Referral Program Terms and Conditions

These Referral Program Terms and Conditions (the “Agreement”) is a binding agreement between Quickly Hire, Inc. (“Quickly Hire” or “Company”) and you, the business entering into this Agreement, (“Partner” or “you”; Quickly Hire and Partner, together, the “Parties”). This Agreement governs your participation in the Quickly Hire Referral Program as further described herein (the “Program”).

  1. Purpose. Company is in the business of offering certain human resources and staffing services to businesses. Partner is in a position to refer prospective customers to Company. This Agreement provides the terms and conditions under which Partner will do so as part of the Program.
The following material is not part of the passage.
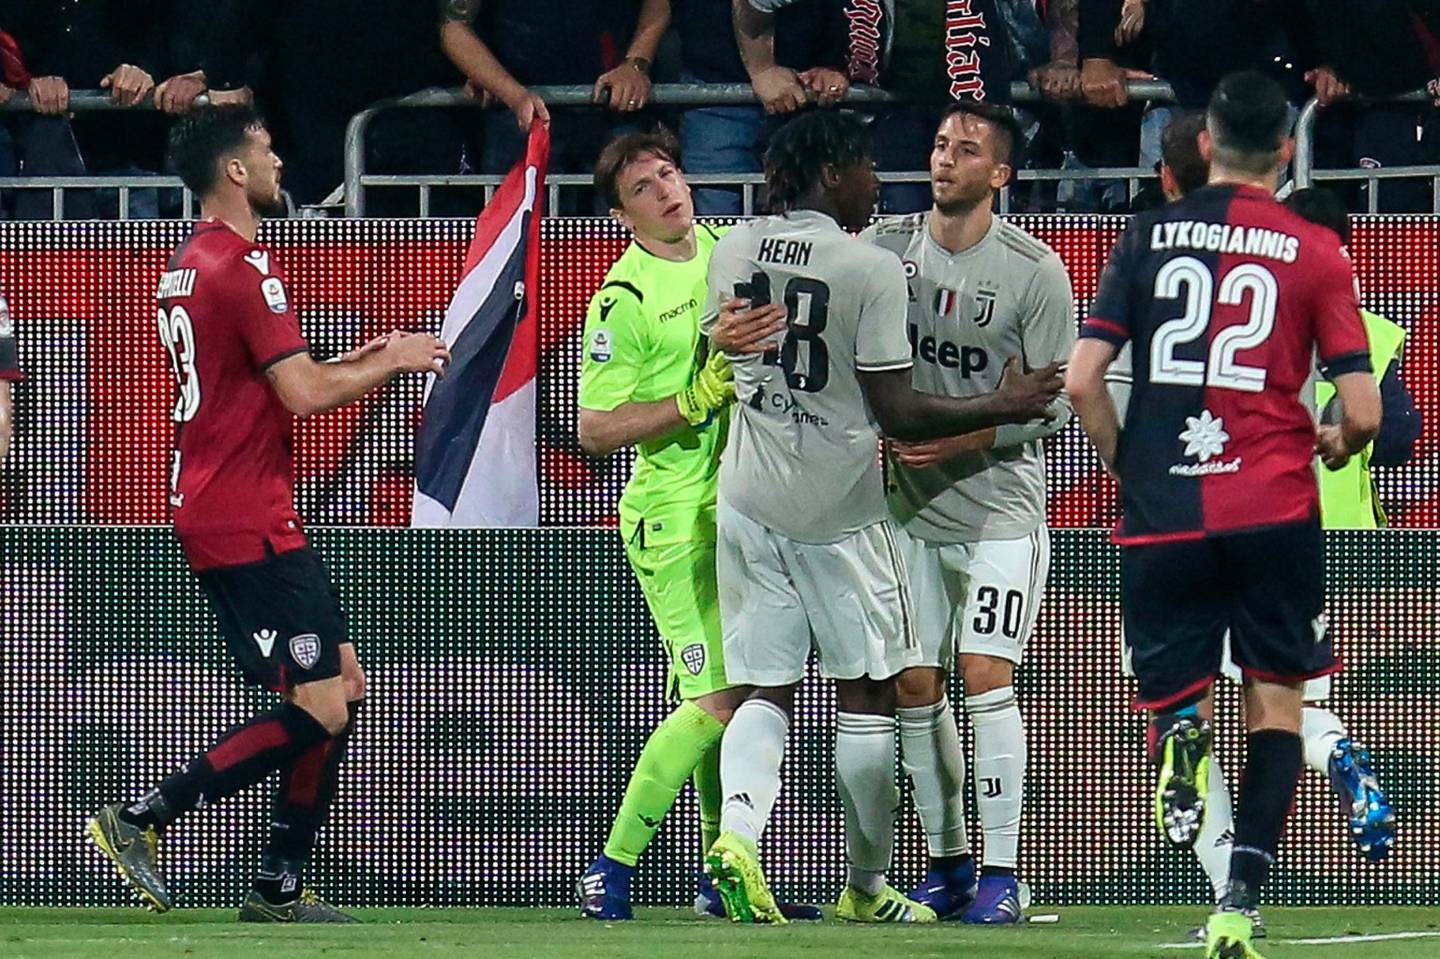 Juventus' Moise Kean, third from left, is restrained by Cagliari goalie Alessio Cragno, 2nd left, and his teammate Rodrigo Bentancur as he celebrates in front of Cagliari fans after scoring his side's second goal during a Serie A soccer match between Cagliari and Juventus at the Sardegna Arena Stadium in Cagliari, Italy, Tuesday, April 2, 2019. Cagliari fans shouted racist chants at Kean after the 19-year-old scored in the 85th minute, the chants were so bad that Cagliari captain Luca Ceppitelli rushed in to protect the youngster and ask the fans to stop. (Fabio Murru/ANSA via AP)

  2. Referral Arrangement. By accepting this Agreement and participating in the Program, Partner may, from time to time, refer new prospective customers (the “New Customers”) to Company on a non-exclusive basis. Company will pay Partner a Referral Fee for each Successful Referral. A “Successful Referral” occurs when a New Customer signs up for a paid version of the Quickly Hire services (1) directly using Partner’s dedicated “Partner Link” provided by Company, or (2) after Partner submits such New Customer as a referral through the referral system designated by Company. Further, a referral will only be a “Successful Referral” if the New Customer is not a customer that (i) the Company has already contracted with or contacted about its services or (ii) has already been referred to Company by another party. The Company reserves the right to determine the eligibility of a Successful Referral at its sole discretion.
  3. Referral Fee. For each Successful Referral, Company shall pay Partner a payout based on the type of services and/or subscription purchased, with specific payout details to be communicated to Partner by Quickly Hire. Quickly Hire reserves the right to modify the payout schedule at any time with or without notice.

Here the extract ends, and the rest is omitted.